Robert Ganshorn Robert Ganshorn | September 16, 2008 8:49 AM

God Bobby you have so much to teach us from the inside. I am grateful for your voyage of personal discovery and look forward to learning more about it's success. You are never alone.

bobby...

just linking over from the brokeback forum to see what you are up to. i must say, when you find your voice, you REALLY find your voice.

as someone who has seen you take this whole rollercoaster ride, i commend you, and although i am not in your small group, i am certainly among your supporters at large.

keep up the good work, and watch your back.

your fellow 19 in 63 guy,

jack

Bobby,
We are so fortunate to have you as an emerging leader, strong voice and incredible contributor in the community!

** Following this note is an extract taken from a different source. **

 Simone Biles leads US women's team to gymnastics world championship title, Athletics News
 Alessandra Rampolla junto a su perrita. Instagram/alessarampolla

I feel am grateful to have the opportunity to work with you and to know you!

Thank you for all you do!

annie loyd
chair - out the vote!

Bobby, I'm so glad you're on board. Ever since we met last December for the interview series about gay Mormons, I knew we needed to have you as a regular at TBP. Good luck with your struggle against the Church. And congrats for creating a chosen family to help you through this process. I know from my own experience how invaluable that can be.

Bobby,

As someone raised in the Mormon church, I count myself very lucky that I was able to come out at a young age and that my family took to heart the "family first" teachings of the church and have stood by me despite the homophobic ravings of an old patriarchy. I no longer consider myself to be a Mormon, but there are certainly cultural associations that will last a lifetime, and even as a well-adjusted adult out of the closet for over a decade, it's still difficult to reconcile the beliefs of my childhood with my adult experiences.

Thanks for joining Bilerico. Ex-mo-homos are a numerous and often damaged bunch, and I appreciate you giving voice to your experience.

This is a great post, and a great way to introduce yourself to the Bilerico community. Thanks for joining up, Bobby!

The people who've mentioned it are correct - there are lots of people in the same situation as you, even though us young'uns don't see it every day: men and women who are coming out of heterosexual relationships late in life. It's still going on, and will probably go on for a long while, so it's good to have more than a few someones on board who can share in those experiences.

About the movie, even though I first came out when I was 14 (to online friends)/15 (to my father and school friends), that movie still had a big impact on me when it came to confronting some long-held internalized homophobia. I read it a bunch of times because I was doing an American Literature course at an adult education center in western France, and it got better every time I read it.